The apostate author has done something of an about-face since her last book, in which she dismissed any reasonable hope that the Creed of the Sword might be reformed. Take away its supremacist worldview, as she thinks might be possible, and it doesn’t leave much for reformed Muslims to pray for.
From Caged Virgin to Infidel to Nomad, Ayaan Hirsi Ali milked the memoir, which is fine because she has an important story to tell and it bears reiteration and elaboration. Now there is Heretic (Harper Collins, 2015, 272 pages), which continues the catchy one-word titles that Ann Coulter has made into an art form but which jumps genre. Heretic is not primarily a memoir; it is a structured call for reformation within Islam.

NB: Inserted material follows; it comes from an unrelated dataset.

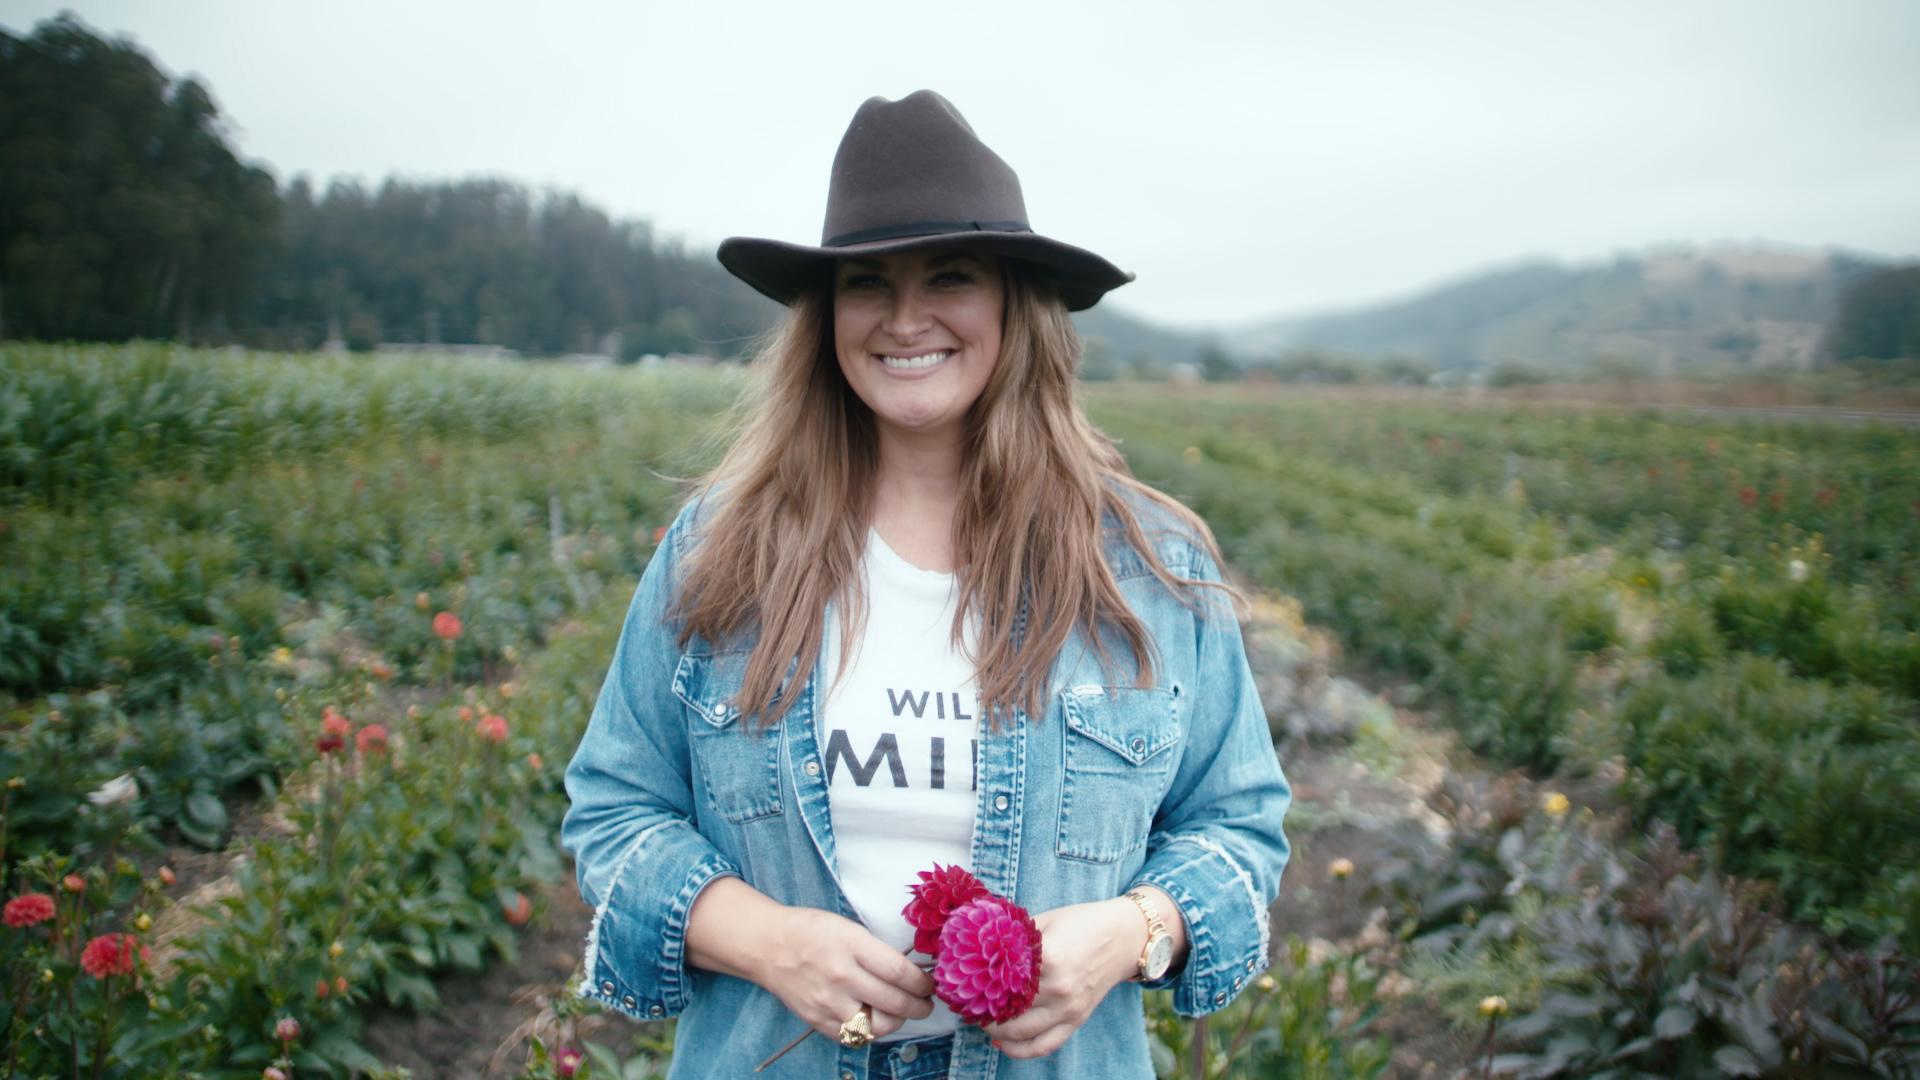 Pics farm girl Hot Farmers

It also represents a mind change.
In Nomad Hirsi Ali “believed that Islam was beyond reform, that perhaps the best thing for religious believers in Islam to do was to pick another god”. In Heretic she not only calls for reform but believes in its feasibility and possibility. While I think she was right in Nomad – as I will explain – that doesn’t take away from the instructive value of Heretic; for non-Muslims and, perhaps, even more so for Muslims prepared to be seen reading it.
“It simply will not do for Muslims to claim their religion has been ‘hijacked’ by extremists. The killers of IS and Boko Haram cite the same religious texts that every other Muslim in the world considers sacrosanct.”